= Pat Denner =

American designer most famous for Vegas Vic

Pat Denner (1924 - September 25, 2011) was the designer of the iconic Las Vegas neon sign known as Vegas Vic.

Denner was raised in Salt Lake City, and studied commercial drawing and design at the Pratt Institute in New York City.

In 1951, the Young Electric Sign Company in Salt Lake City commissioned Denner to design an illustration for the manufacturing of the neon sign. He also was commissioned to design Wendover Will for The Stateline Casino in West Wendover, Nevada in 1952.

Denner also designed in 1952 the first seat-down menus for Harman Restaurants, home of the KFC in Salt Lake City and then created the likeness of Col. Harland Sanders for the menus and posterity. Back then the franchise was not established and Harman Restaurants had only two locations in Salt Lake City.

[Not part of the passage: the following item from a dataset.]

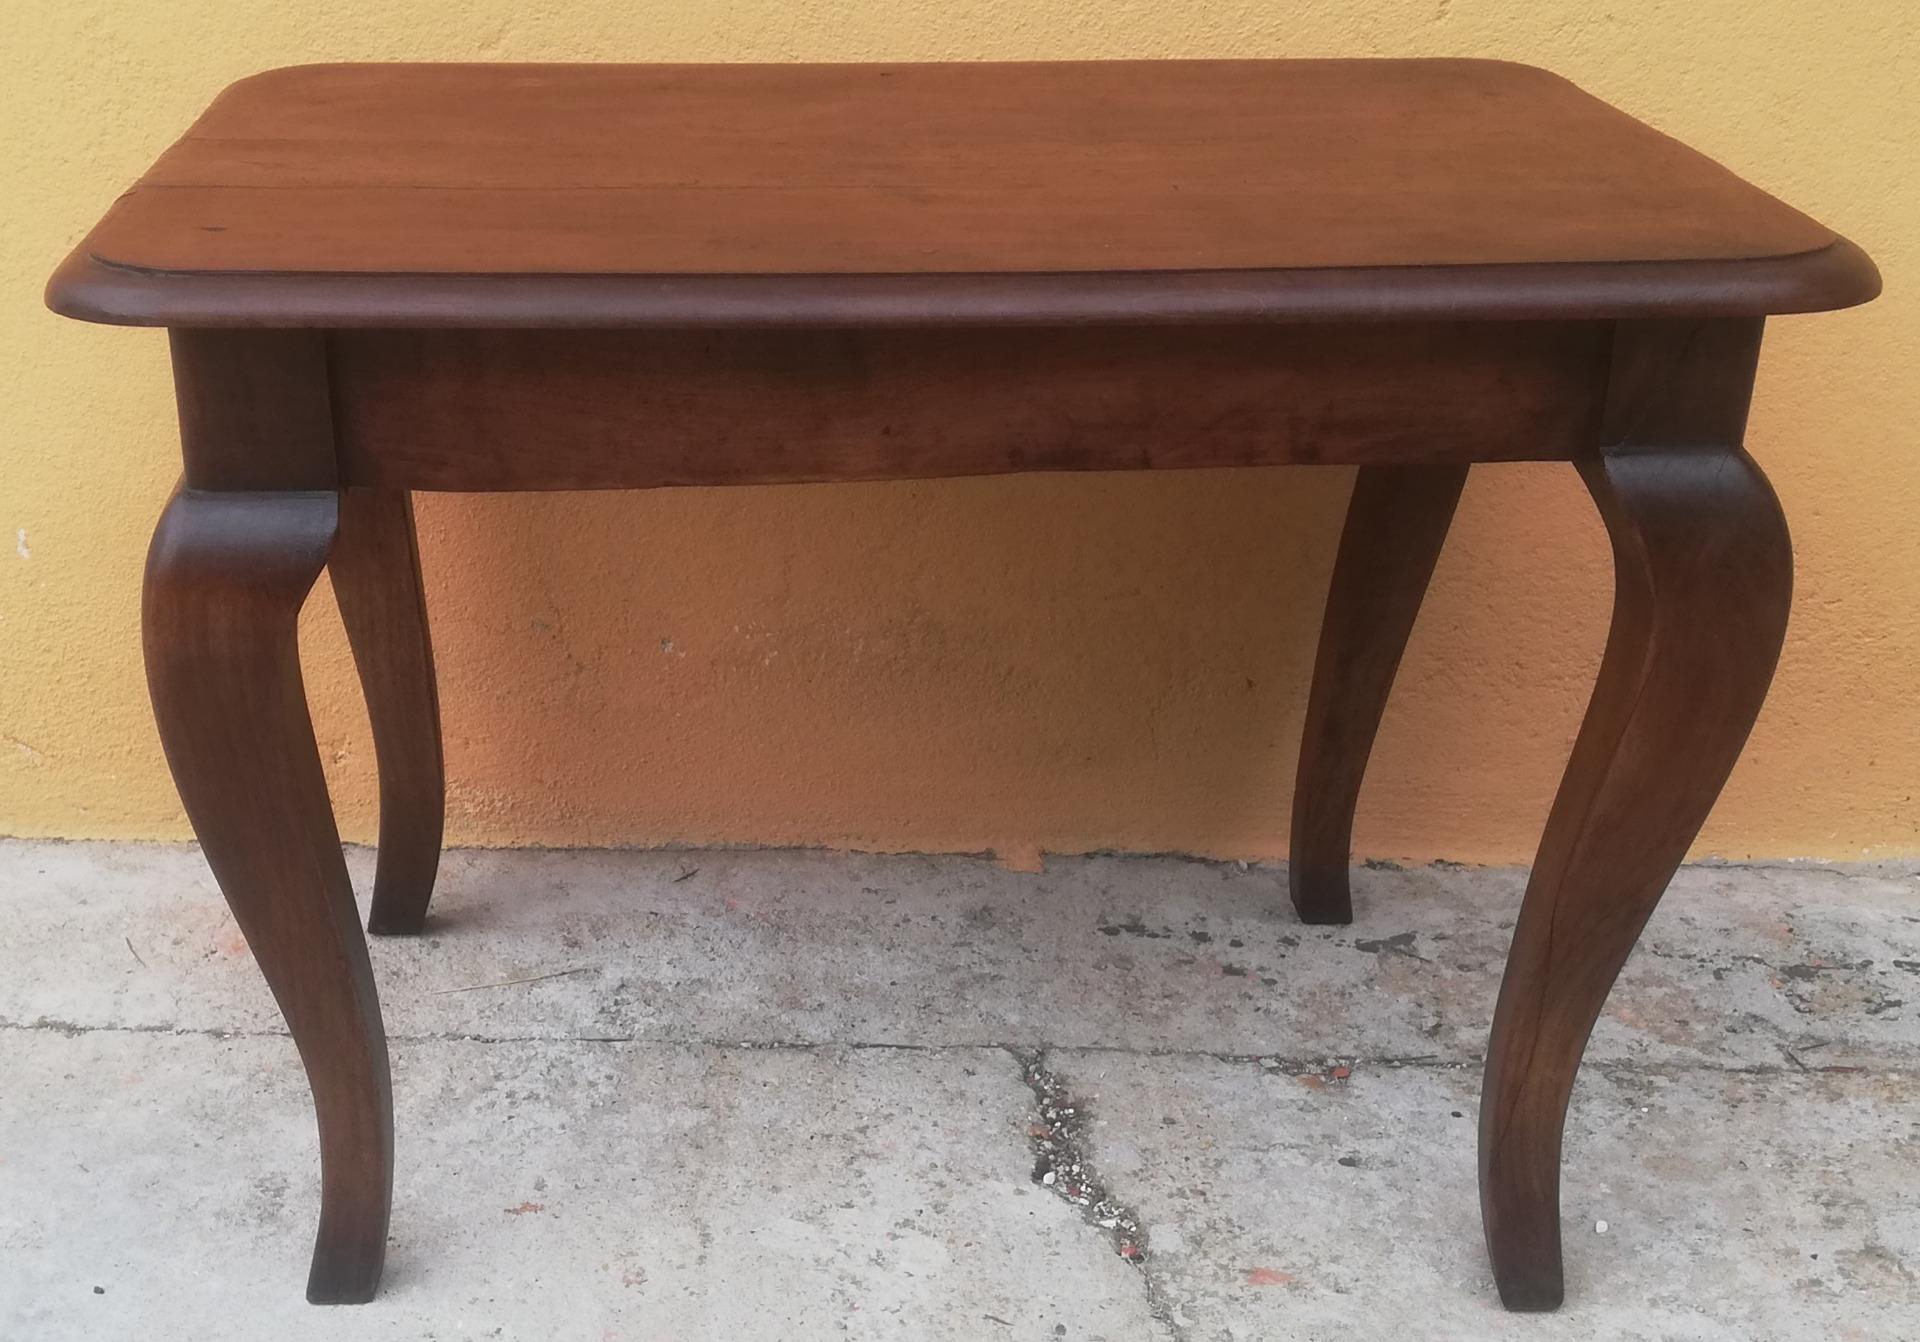 Tavolino Basso Antiquariato.Tavolino Basso Del 1900 Antiquariato Su Anticoantico
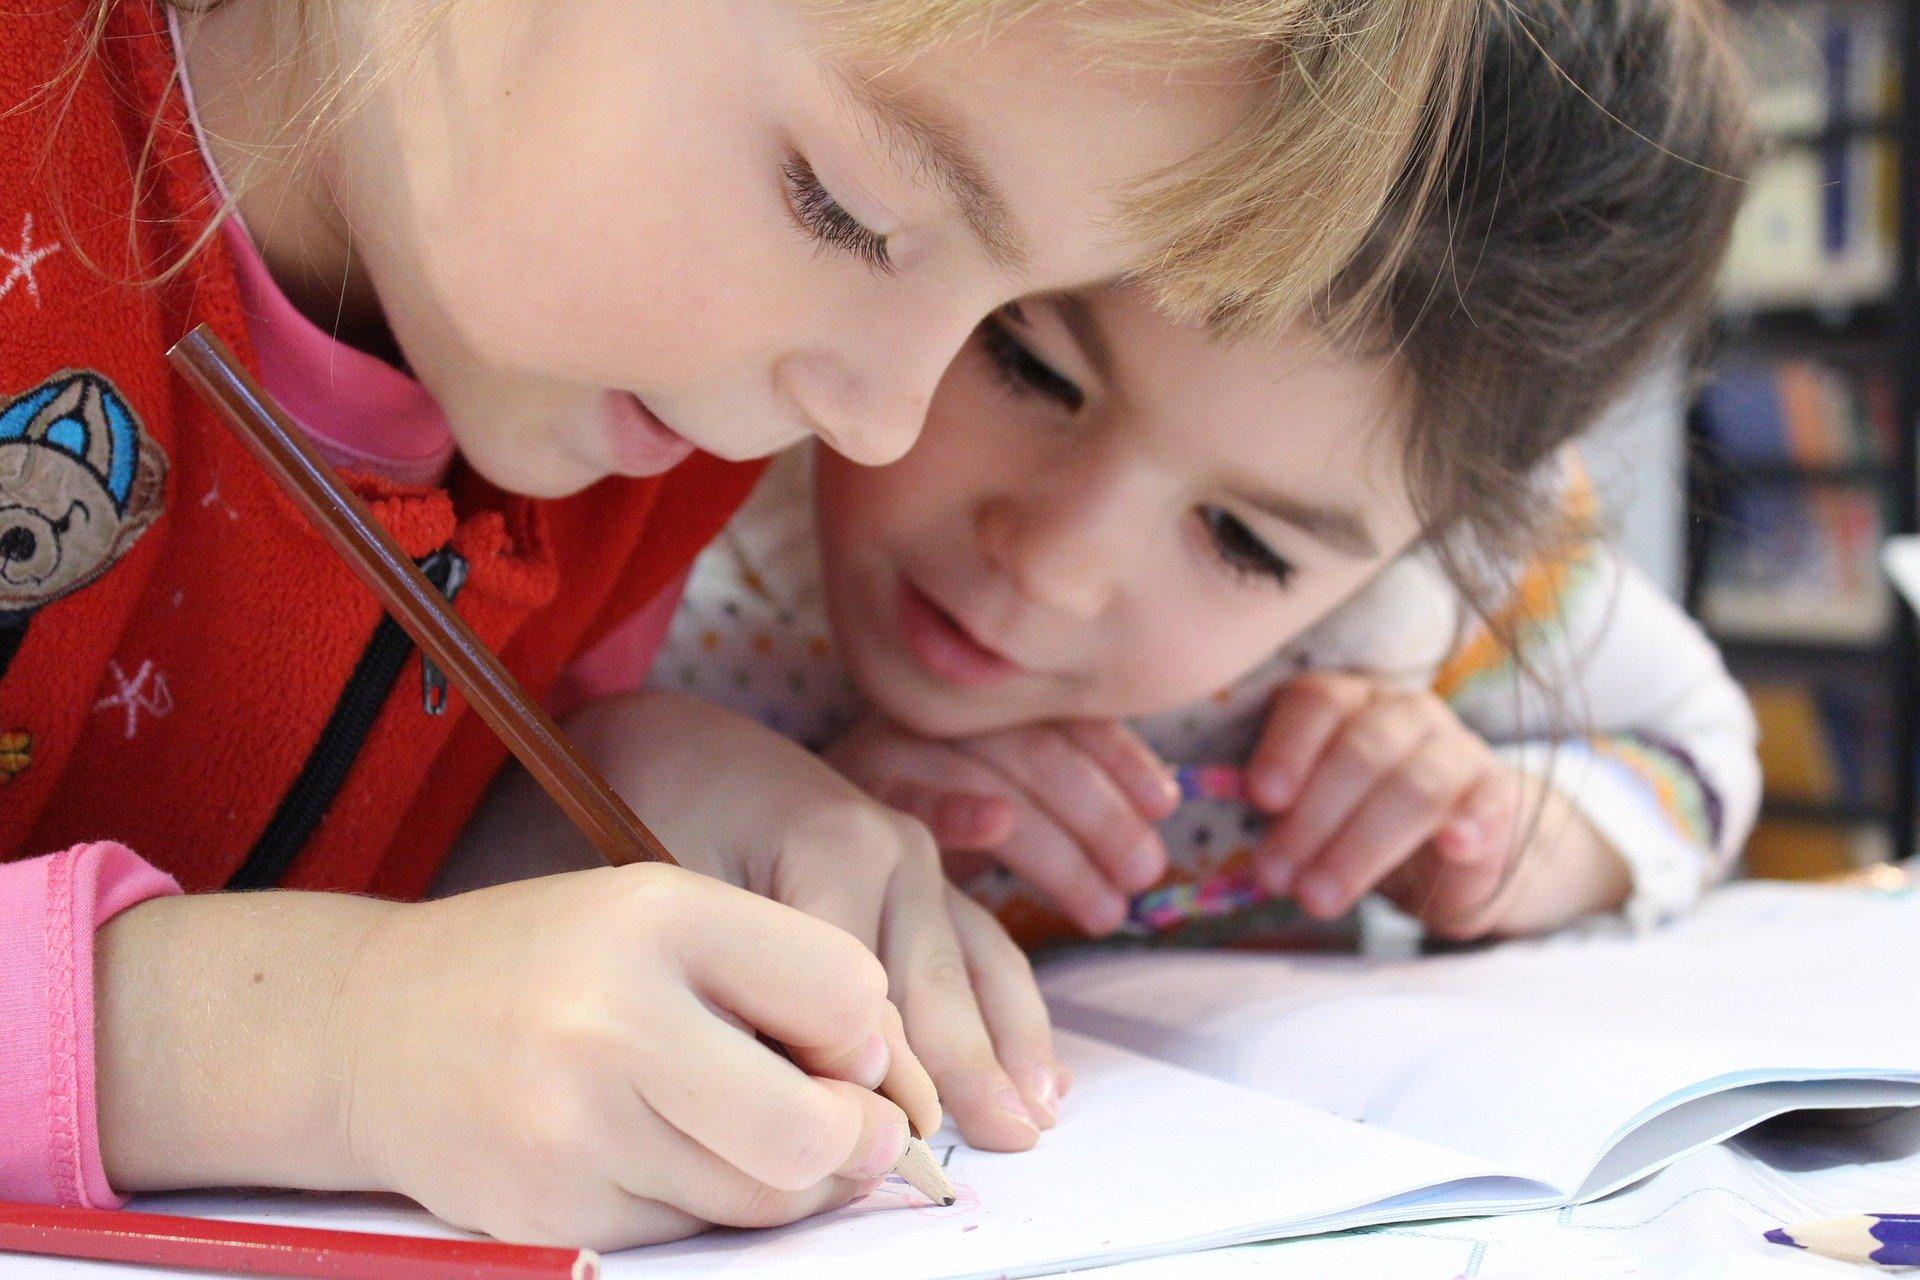 EDUCACIÓN. Niños estudiando en aprendizaje remoto. Pixabay

The 1950s were productive and creative for Denner as an art director and graphic designer. From his studio at Denner & Associates located at the corner of Main and Broadway in Salt Lake City, he handled many of the prestigious accounts of those days, such as Walker Bank, Equitable Oil Company, Auerbachs Stores, Harman Restaurants, Dee Restaurants and others. Mr. Denner created oils, watercolors and portraiture for many selected clients like the U.S. Ski and Snowboard Association in Park City and others from his storefront studio in Salt Lake City, Utah. Pat Denner died September 25, 2011 in Salt Lake City, Utah at the age of 87.

Mr. Denner was the subject of a documentary, Howdy Pardner! (directed by George Leon - 2007), which is described as being "about Americana, iconography, outdoor advertising, graphic design and its influence in the popular culture".